Table 2. Linear regression coefficient with forward selection of monthly rainfall residuals to fit sugarbeet root yield and sugar content residuals of North Dakota and Minnesota during the 2013–2017 growing seasons

 Root yieldSugar (%)
 R2Variable enteredParameter estimatePr > FR2Variable enteredParameter estimatePr > F
Step 10.34June–0.96<0.0010.14September–0.23<0.001
Step 20.40June–0.84<0.0010.18June–0.080.001
  July0.37<0.001 September–0.23<0.001
Step 30.44May–0.440.0010.19June–0.07<0.001
  June–0.94<0.001 August–0.060.001
  July0.36<0.001 September–0.230.075
 

Discussion

Yield prediction is very important for optimizing processing campaigns of sugarbeet factory districts, and this study provides insights on the impact of monthly rainfall on root yield and sugar content. It is evident that yield and sugar response to monthly rainfall varied across counties. Counties vary in size and degree of environmental heterogeneity. The wide variability of county yields within individual years indicated the lack of uniformity in growing conditions throughout the region (Campbell, 1995).

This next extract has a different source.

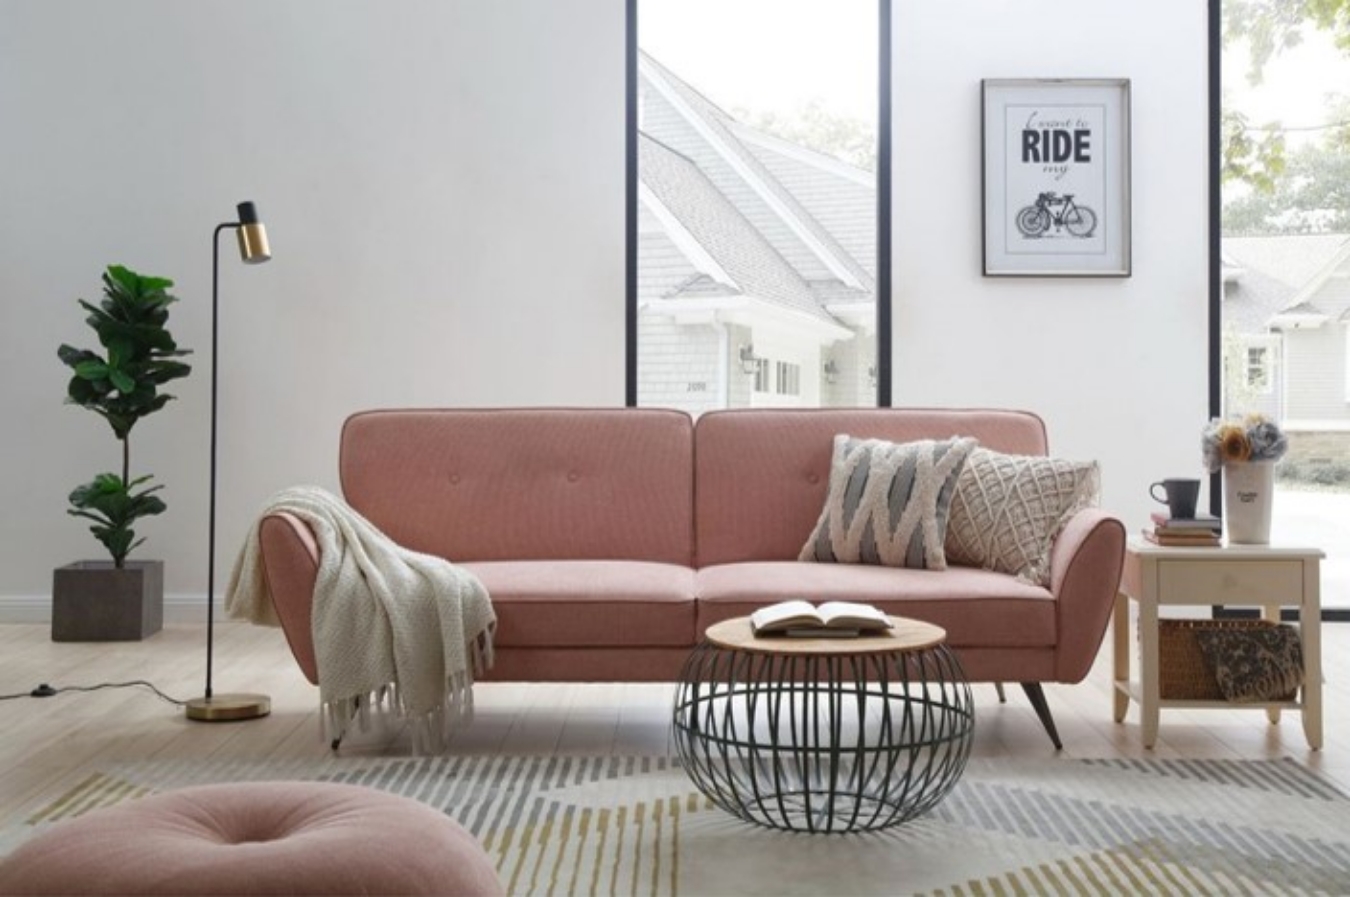 Eliane Pink 3 Seat Sofa Bed is designed specifically around the click-clack mechanism, renowned for the simple way it converts from a sofa to bed position with just a couple of clicks of the frame.

Only June and September rainfall can explain the 34% and 14% variability of sugarbeet root yield across 36 counties of MN and ND. Kukal and Irmak (2018) found that climate explained more than 20% of the crop yield variability of a considerable number of counties in the Great Plains, and precipitation alone explained yield variability in 18% of counties, representing 32% of the regional production. In our results, some counties did not show any association with rainfall, indicating that other factors such as air temperature, soil organic matter, or management practices like subsurface drainage play a dominant role in the production. Kenter et al. (2006) found that rainfall only slightly affected leaf growth and did not show any significant influence on the taproot growth rate.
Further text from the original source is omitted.